Should it be different? Or can you tell me how do you download the models and in which paths do you store them? By the way the disk /media/kenny/DOSTerabytes is formatted as NTFS because I use dual boot and go back to Windows for work, thanks again for you time.

digitalscream commented 5 months ago

@Hylosium - I'm seeing the exact same problem, it looks like Intel have broken something with their snapshot image updates. I'll investigate and get back to you.

Hylosium commented 5 months ago

@digitalscream Oh okey, I'll wait. Thank you so much :)

digitalscream commented 4 months ago

Hi, @Hylosium - it seems it's not just something broken, they've actually completely changed the structure. You might be better off having a look at the Docker images they provide (eg here: https://github.com/intel-analytics/ipex-llm/tree/main/docker/llm/serving/xpu/docker) to see if you can make it work.

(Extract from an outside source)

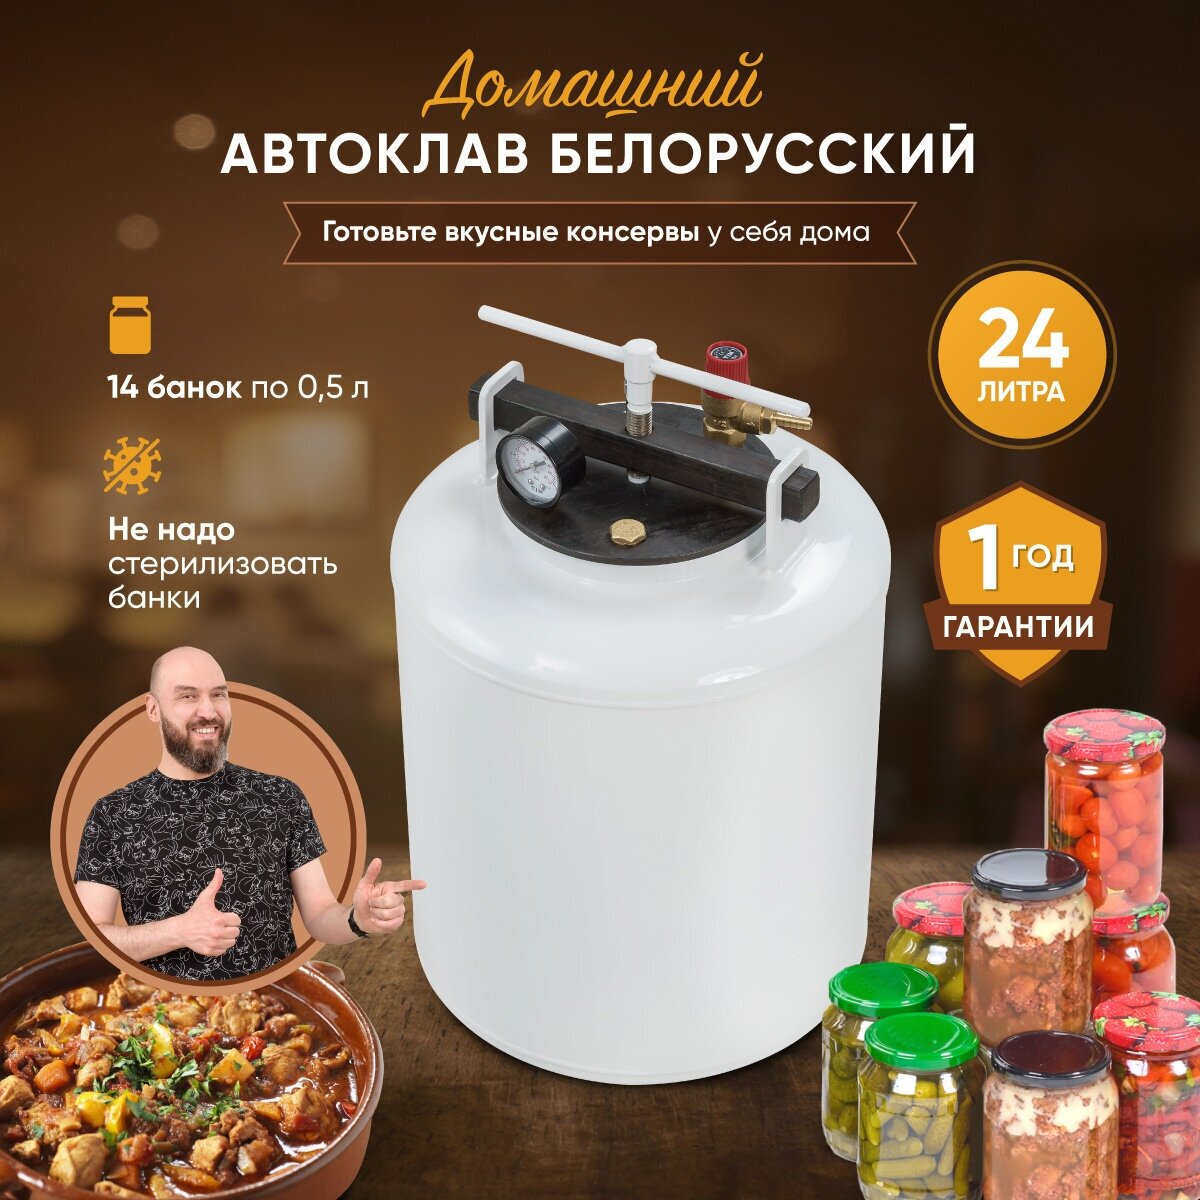 Домашний автоклав для консервирования Белорусский 24 л / Консервация для дома / стерилизатор для заготовок

I won't be updating this one, I'm afraid - Intel's break-everything approach to software development means I spend too much time fixing stuff and not enough actually using it. Also, they've ruined the performance with a recent update and broken the fan curves with recent firmware updates which make the cards unusable in Linux, so I don't really have a choice but to get rid of my Arc cards.

Hylosium commented 4 months ago

Oh, what a shame from Intel. Thanks for the information, I'll try to have a look up on it. Do you know any other projects or an easy way to put an Intel Arc to work on LLMs? I bought the Arc especially for this 😂

Thank you for your time, and after your reply I think we can close the issue.

digitalscream commented 4 months ago

Yeah, I bought two of them for this.

The easiest way, I think, is to run Ollama. If you look at the ipex_ollama branch in this repo, you'll find a Docker image that I was experimenting with. It gets about 30 tokens/s with Llama 3, which isn't great (although it's still usable). It's certainly a lot less fiddly than using vLLM, and you can easily add open-webui as a second container to talk to it and provide access via a browser. Happy to keep this issue open if you need any help getting that up and running.

EDIT: For what it's worth, though, I decided to splash out and get a 7800 XT (I can't use Nvidia, because I'm on Linux for desktop and their drivers are also awful). Performance is in an entirely different league from the Arc - where the Arc was getting 30t/s, the 7800 XT hits 80-85t/s. It also pretty much just works - you have to use Ubuntu 22.04 as the Docker base image for the easiest way to run ROCm, but apart from that everything works out of the box.